Multisystem Inflammatory Syndrome in Children (MIS-C) is a post-infectious complication of COVID-19 in children that has similarity to Kawasaki disease (KD). In initial studies, autoantibodies to the inflammatory regulator developmental endothelial locus-1 (Del-1) were associated with KD. Follow-up studies failed to show this specificity, but did show that levels of circulating EDIL3/Del-1 autoantibodies were able to distinguish KD children that developed aneurysms from KD children that did not develop aneurysms. Due to the potential benefit such knowledge may have on diagnosis and treatment, we sought to explore if other targets may better distinguish MIS-C from KD.

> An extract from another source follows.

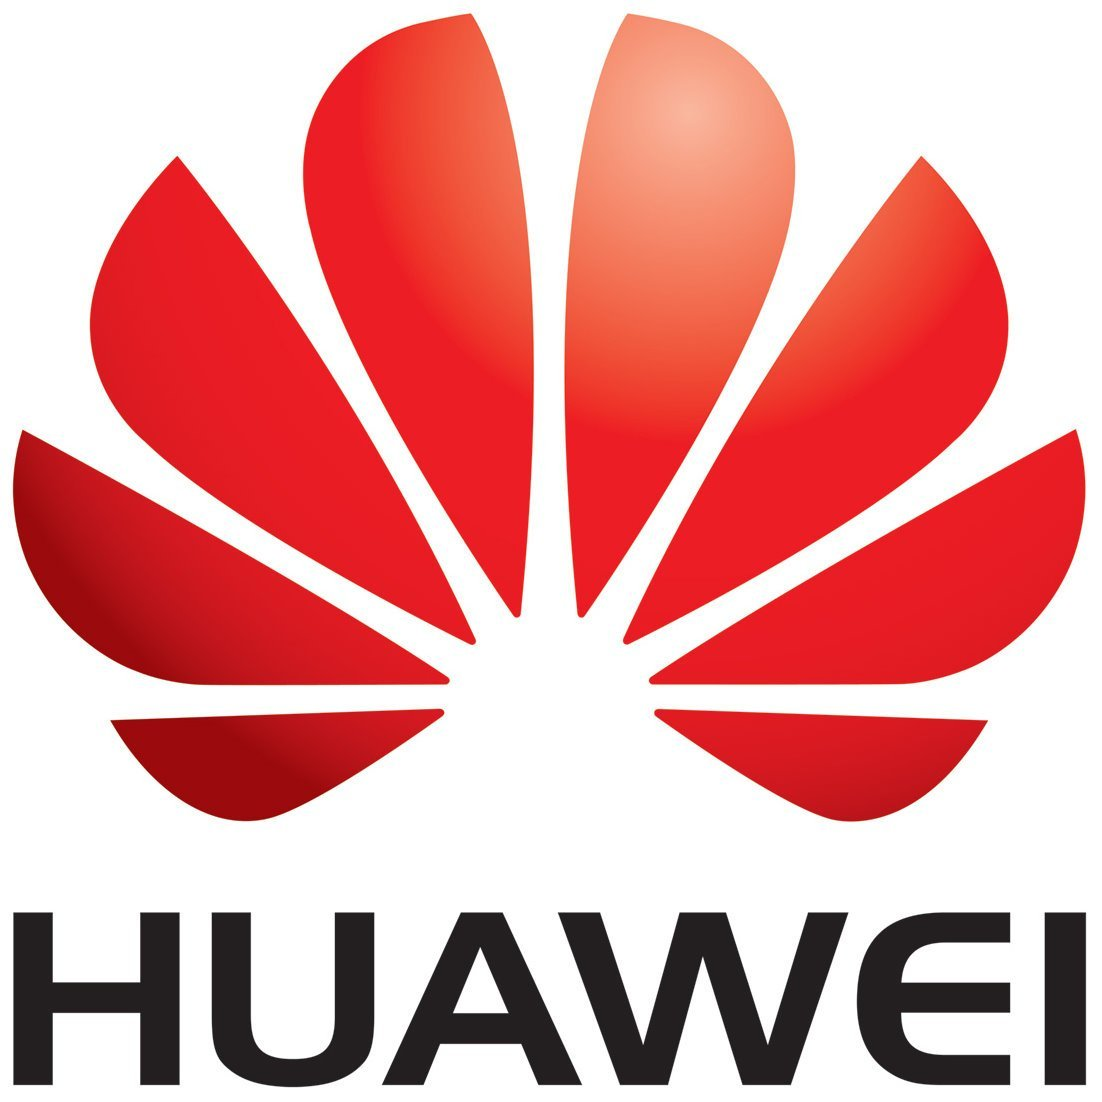 Huawei Logo photo - 1

Methods:  We utilized a HuProt^TM library (CDI Labs), a yeast (S. cerevisae) derived expression library consisting of 23,059 purified human proteins, to profile autoantigen targeting in pre-treatment samples from febrile children, children with KD, and children with MIS-C. Plasma sample ELISA assays using recombinant proteins were used for confirmation. 

Results: 

On the human protein array, a cell cytoskeletal structure protein was found to be significantly associated with MIS-C diagnosis. From these experiments, it was confirmed that autoantibody levels against this target can distinguish MIS-C from KD or febrile children. Further defining such autoantibody targets may offer novel and improved methods for distinguishing MIS-C from KD and other febrile illnesses.